*** Begin section ***

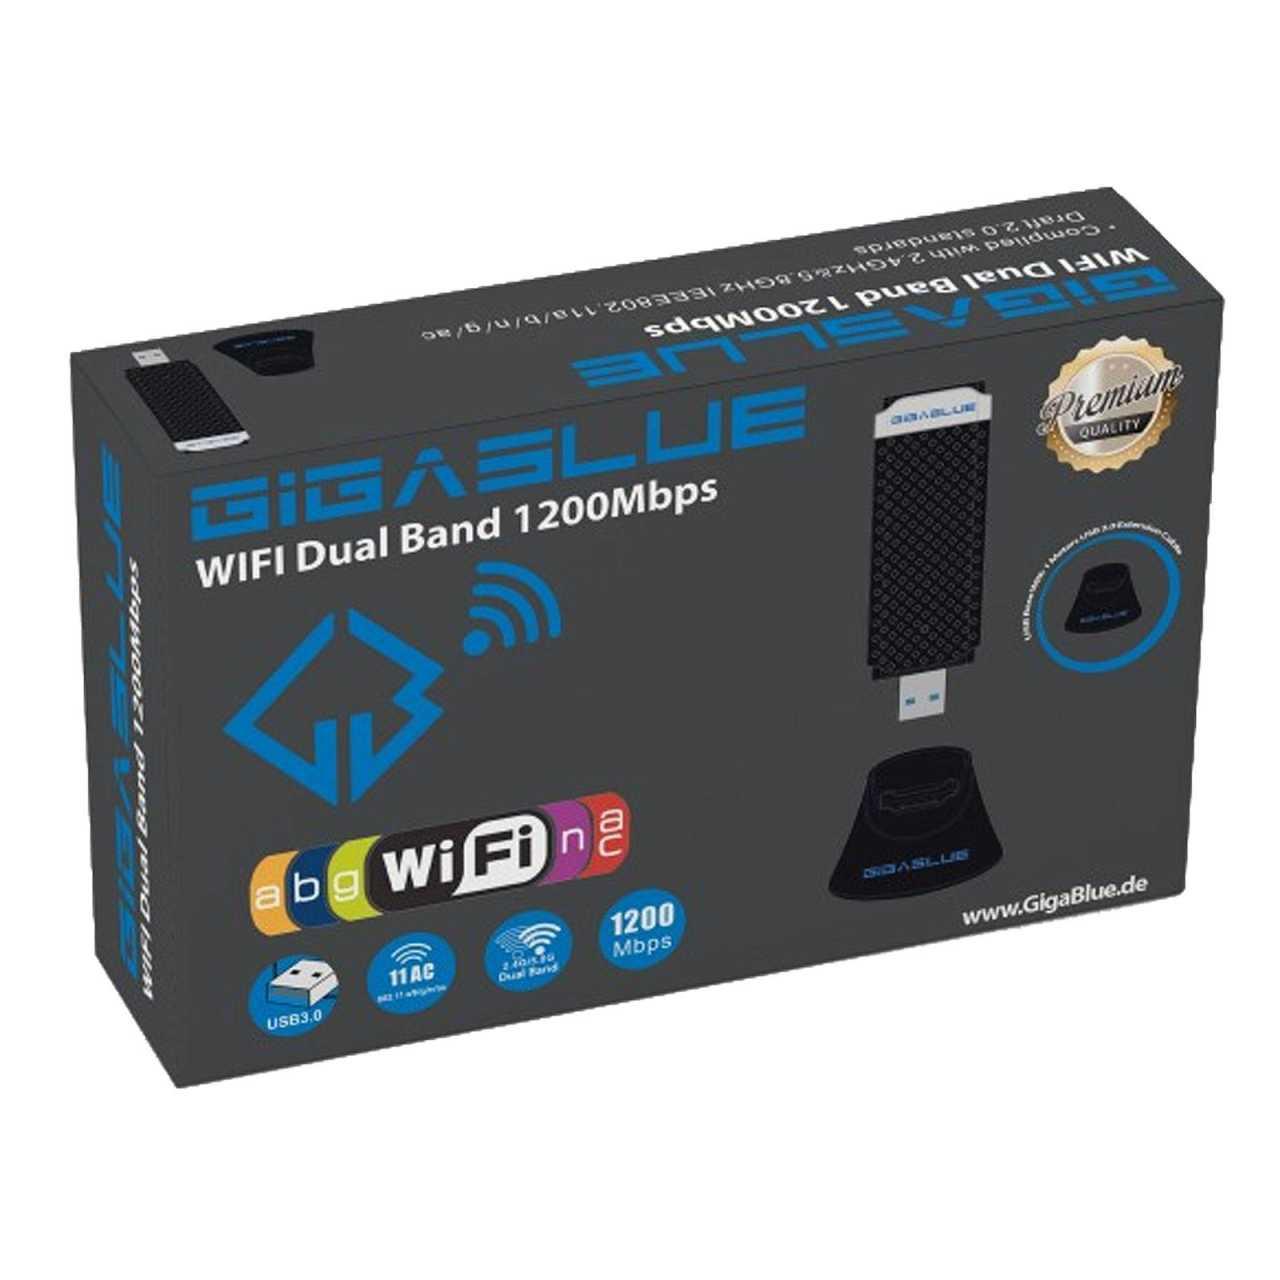 GigaBlue USB 3.0 WiFi 1200Mbit Dual Band 2,4 - 5GHz Wlan Stick 2 dBi GIGZUB013
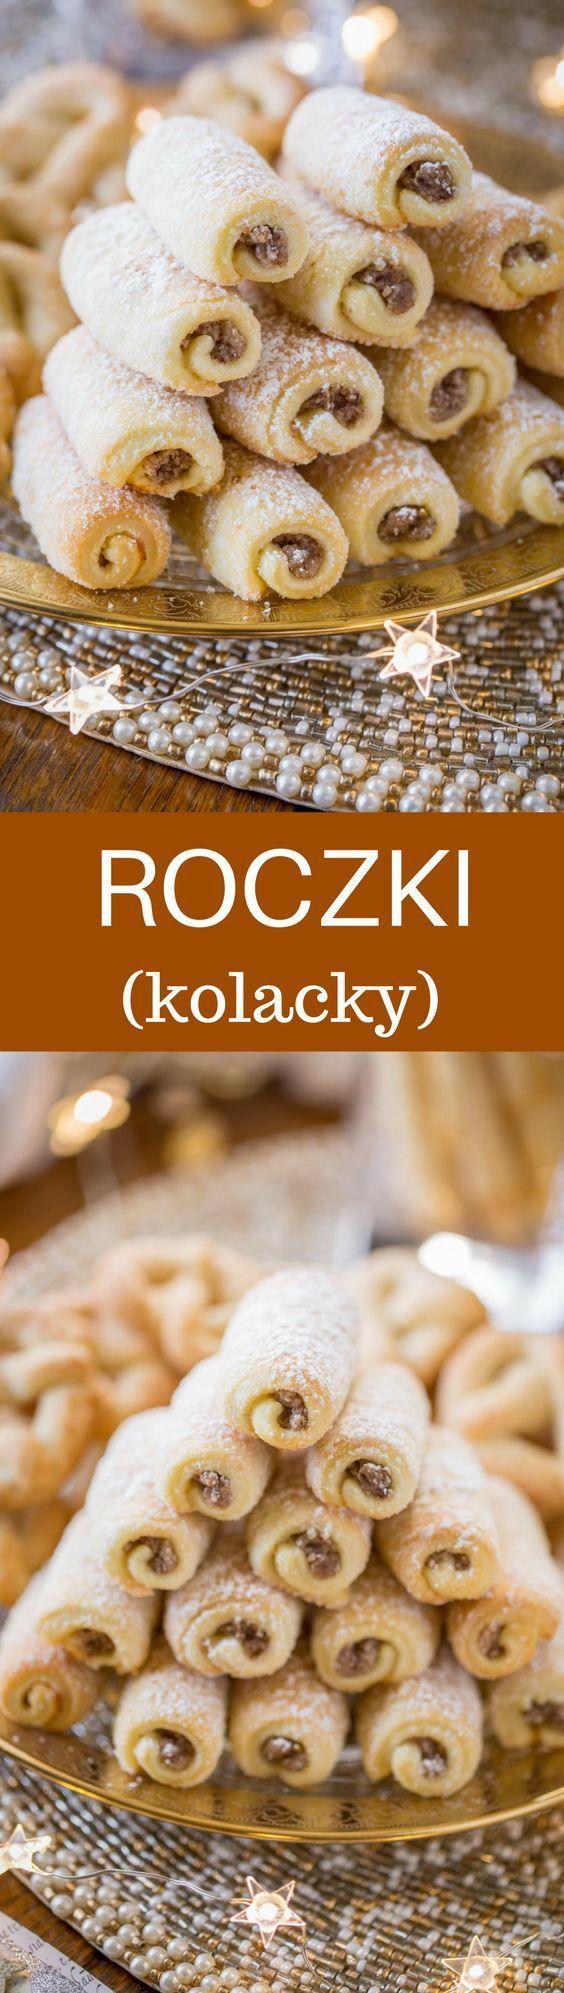 872 best polish food images on pinterest ukrainian food ukrainian roczki kolacky polish dessertspolish foodpolish recipespolish forumfinder Image collections
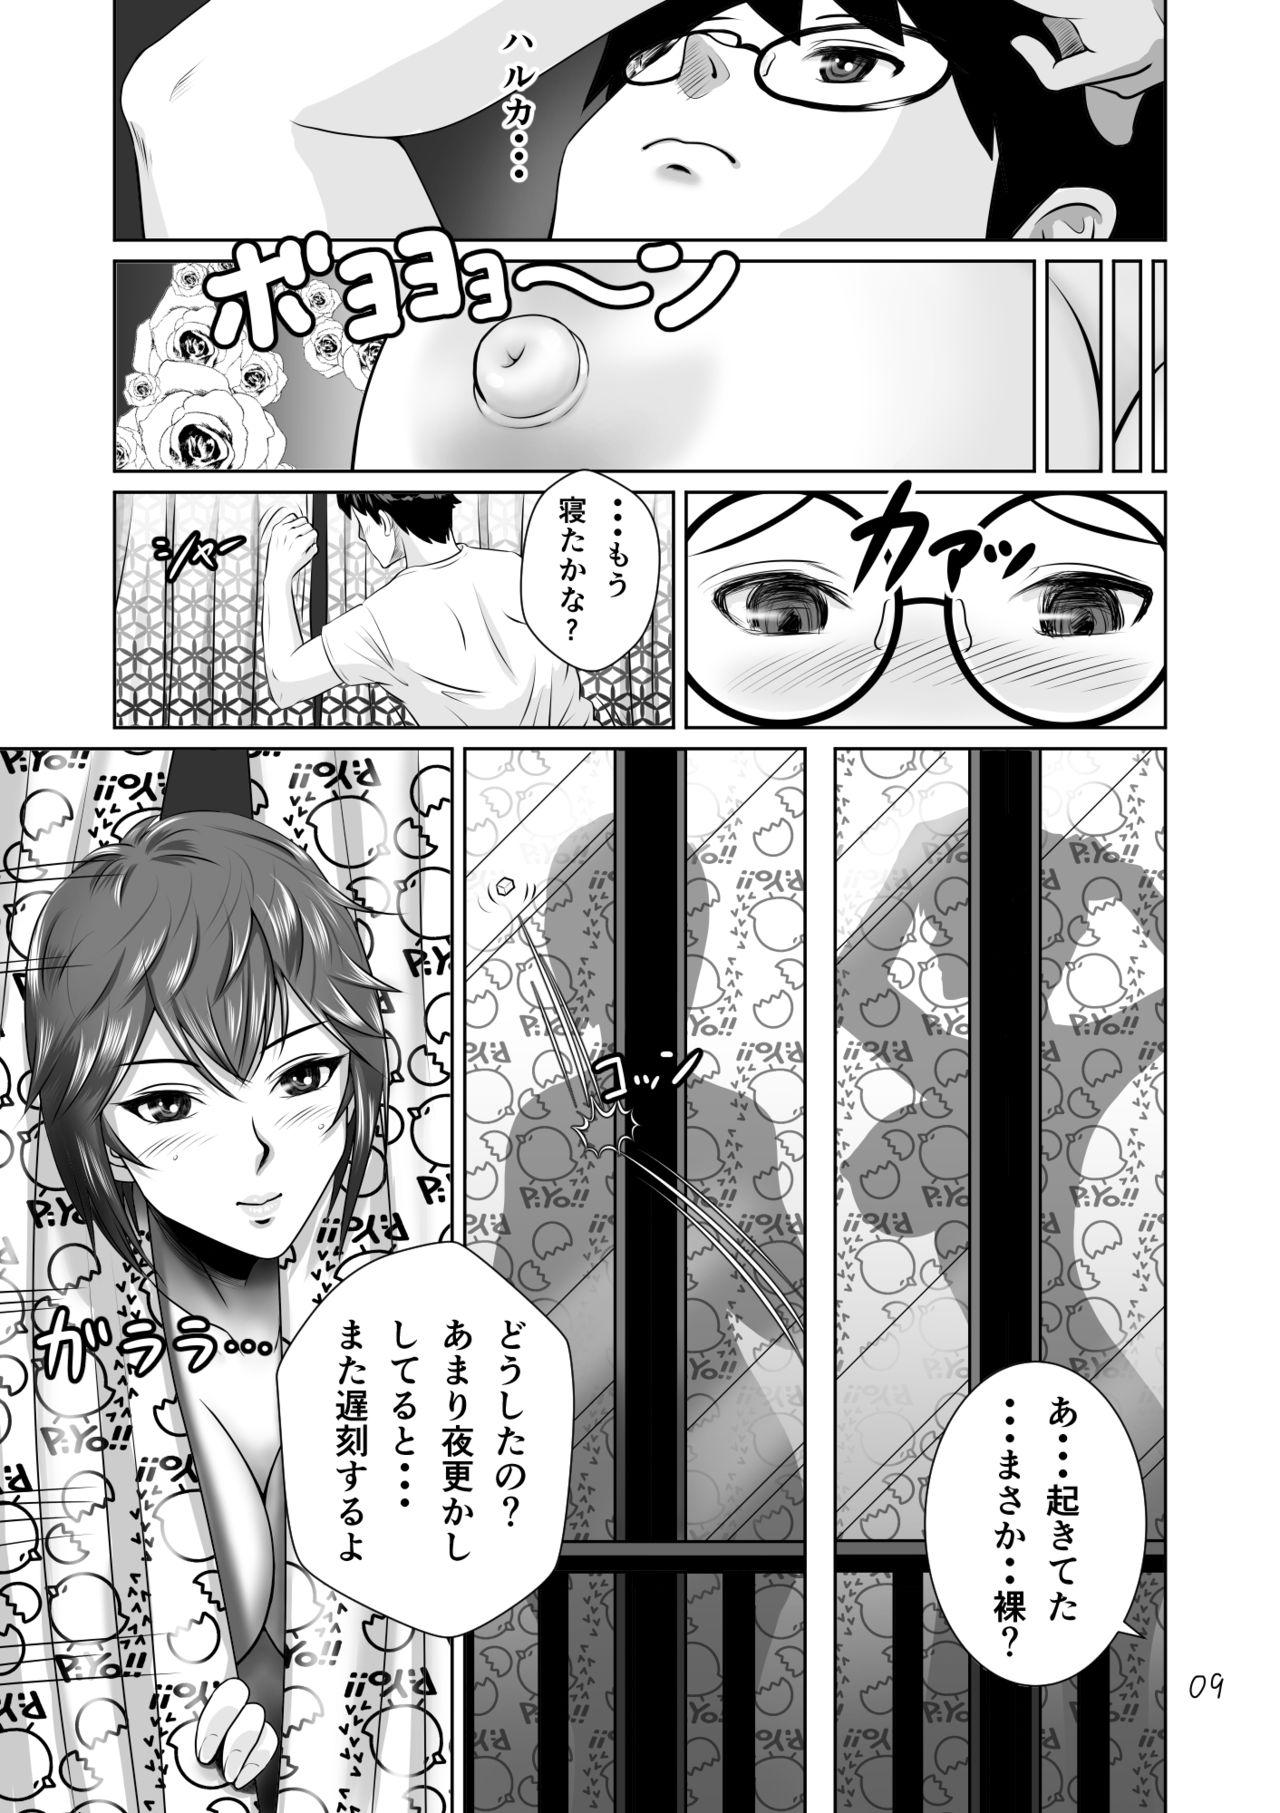 Netorare Osananajimi Haruka-chan Kiki Ippatsu!! 9

*** End section ***

[Task details] Could the data above be reproduced exactly, with the pictures left out?

[Answer]
 GigaBlue USB 3.0 WiFi 1200Mbit Dual Band 2,4 - 5GHz Wlan Stick 2 dBi GIGZUB013
 872 best polish food images on pinterest ukrainian food ukrainian roczki kolacky polish dessertspolish foodpolish recipespolish forumfinder Image collections
 Netorare Osananajimi Haruka-chan Kiki Ippatsu!! 9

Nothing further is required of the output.